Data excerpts
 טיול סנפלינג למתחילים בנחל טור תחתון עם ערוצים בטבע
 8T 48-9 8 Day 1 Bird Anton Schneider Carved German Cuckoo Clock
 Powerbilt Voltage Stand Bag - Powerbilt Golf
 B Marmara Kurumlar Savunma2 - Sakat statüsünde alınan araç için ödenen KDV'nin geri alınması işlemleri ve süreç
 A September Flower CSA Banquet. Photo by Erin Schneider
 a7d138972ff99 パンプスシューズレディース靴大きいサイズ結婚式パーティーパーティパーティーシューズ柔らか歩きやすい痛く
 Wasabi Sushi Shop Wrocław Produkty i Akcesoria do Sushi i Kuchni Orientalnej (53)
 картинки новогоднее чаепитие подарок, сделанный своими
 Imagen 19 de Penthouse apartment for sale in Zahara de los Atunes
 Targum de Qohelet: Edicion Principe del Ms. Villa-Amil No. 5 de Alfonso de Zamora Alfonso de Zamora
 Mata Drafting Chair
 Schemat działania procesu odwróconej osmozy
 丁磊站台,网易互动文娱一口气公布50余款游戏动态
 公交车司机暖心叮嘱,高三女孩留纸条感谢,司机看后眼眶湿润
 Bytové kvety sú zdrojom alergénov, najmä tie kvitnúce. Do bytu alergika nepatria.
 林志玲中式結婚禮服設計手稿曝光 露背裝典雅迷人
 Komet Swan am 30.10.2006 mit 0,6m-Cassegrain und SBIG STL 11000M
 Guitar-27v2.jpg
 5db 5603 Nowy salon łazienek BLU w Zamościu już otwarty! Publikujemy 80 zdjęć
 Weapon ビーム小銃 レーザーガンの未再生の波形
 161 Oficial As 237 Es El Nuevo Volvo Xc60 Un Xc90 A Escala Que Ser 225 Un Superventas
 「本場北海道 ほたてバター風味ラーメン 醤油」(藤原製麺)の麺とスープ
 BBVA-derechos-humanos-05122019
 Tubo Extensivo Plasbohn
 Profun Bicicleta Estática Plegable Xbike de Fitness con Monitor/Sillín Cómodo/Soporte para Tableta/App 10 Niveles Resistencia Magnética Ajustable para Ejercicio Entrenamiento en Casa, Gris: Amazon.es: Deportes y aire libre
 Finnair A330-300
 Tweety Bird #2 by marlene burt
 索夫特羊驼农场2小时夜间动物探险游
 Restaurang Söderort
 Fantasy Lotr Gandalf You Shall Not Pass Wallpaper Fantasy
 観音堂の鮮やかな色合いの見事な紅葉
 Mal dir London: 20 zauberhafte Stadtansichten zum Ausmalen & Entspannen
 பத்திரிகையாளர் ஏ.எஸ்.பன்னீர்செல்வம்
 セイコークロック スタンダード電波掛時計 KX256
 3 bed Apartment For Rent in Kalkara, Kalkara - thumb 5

● **Task description**
Wherever a line of the data holds "Bird", copy that line.

● **Answer section**
 8T 48-9 8 Day 1 Bird Anton Schneider Carved German Cuckoo Clock
 Tweety Bird #2 by marlene burt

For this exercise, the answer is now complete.